Making A Good Decision For Your Child
Making A Good Decision For Your Child
All parents want their child to become successful. Some parents will go to great lengths to “help” their child by signing them up for a club, sport, or other extracurricular activities that will be “good” for them and their future. Usually the child ends up hating it or it causes something bad to happen. Even though parents might think they’re making a good decision for their child, it could end up as the bad decision that could potentially ruin the parent/ child relationship, lead to trouble later in life, or ruining the child’s chance of doing something for themselves.
A parent can potentially ruin their relationship with their child if the make a bad decision for their child. If their child disagrees with the decision of the parent, the child could begin to resent them. Like in the story, I Stand Here Ironing, the narrator is the mother of a girl named Emily. The narrator tries to provide a good life for Emily but even then their relationship suffers because she does not show her daughter love like she does with her other children, like when her little sister, Susan, was a baby, the narrator paid lots of attention to her and not to Emily, “She would call for me, and I would rouse from exhaustion to sleepily call back: ‘You’re all right, darling, go to sleep, it’s just a dream,’ and if she still called, in a sterner voice, ‘now to go sleep, Emily, there’s nothing to hurt you.’ Twice, only twice, when I had to get up for Susan anyhow, I went in to sit with her.” (Olsen).
This harms their relationship because Emily knows her mother chooses Susan over her even when she was little. Later on, when Emily is in her high school years, she and her mom are not very close still. Based on this we can see that making a bad decision for your child can leave the parent/child relationship in ruins.
Making a bad decision for can also affect the child in the future. It could influence them to a life of despair. In the story Teenage Wasteland, Donny gets into trouble a lot in his high school years but when used to be good when he was younger so as he has been doing bad things, his parents have been getting stricter and stricter which is only the start. His mother decides to be less controlling and then, “He said they acted like wardens. On weekends, they enforced curfew. And anytime he went to a party, they always telephoned first to see if adults would be supervising.

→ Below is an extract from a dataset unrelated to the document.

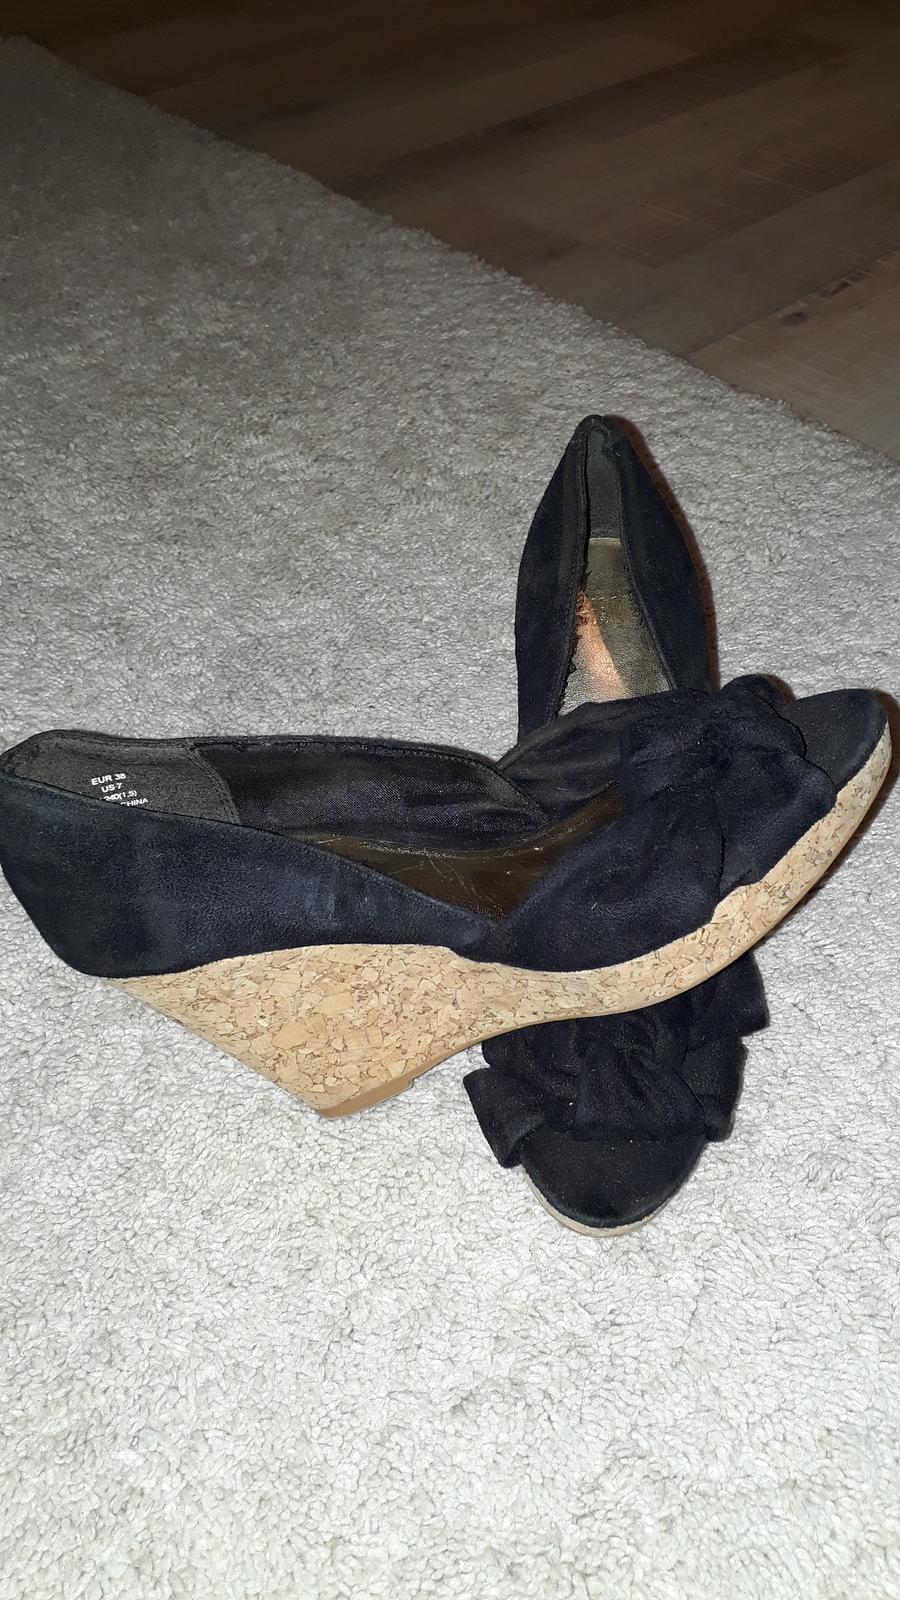 sandale hm na platforme - Obrázok č. 2

‘For God’s sake!’ he said. ‘Don’t you trust me?’” (Tyler). This causes his parents to try not to control him as much to make him happy but he spirals from here into him getting expelled for alcohol possession and later running away. The decision to be less strict on Donny was a mistake because this allowed him to make a mistake that will affect him forever. Bad decision can also ruin the child’s future.
A parent’s bad decision for their child can also ruin their hope to do something that will make them happy. The child could want to do something that interests them but based on the decision their parent makes then do not feel capable of doing what makes them happy. A Modern Indian Woman’s Struggle with Arranged Marriage is a great example of this because the author struggles with her parents trying to choose her husband for her like a traditional arranged marriage.
Her father goes on different Indian nationality dating websites and picks a man based on a profile and sets them up. She finds it funny that her parents do this for her but she really is limited by this choice and has to only go out with men that are of her dad’s approval (Jain). This makes it hard for the thirty year old to find a husband. This ruins her hope of finding someone that she likes for them and marrying them.
Bad choices by parents can hinder the child in the end instead of helping them. Parents should think about the child’s whenever they make decisions for them so they do not hurt them in these ways.
Tyler, Anne. “Teenage Wasteland.” 1983. Print. (Tyler)
Olsen, Tillie. “I Stand Here Ironing.” Tell Me A Riddle. 1961. Print. (Olson) Jain, Anita. “Is Arranged Marriage Really Any Worse Than Craigslist?” New York Print.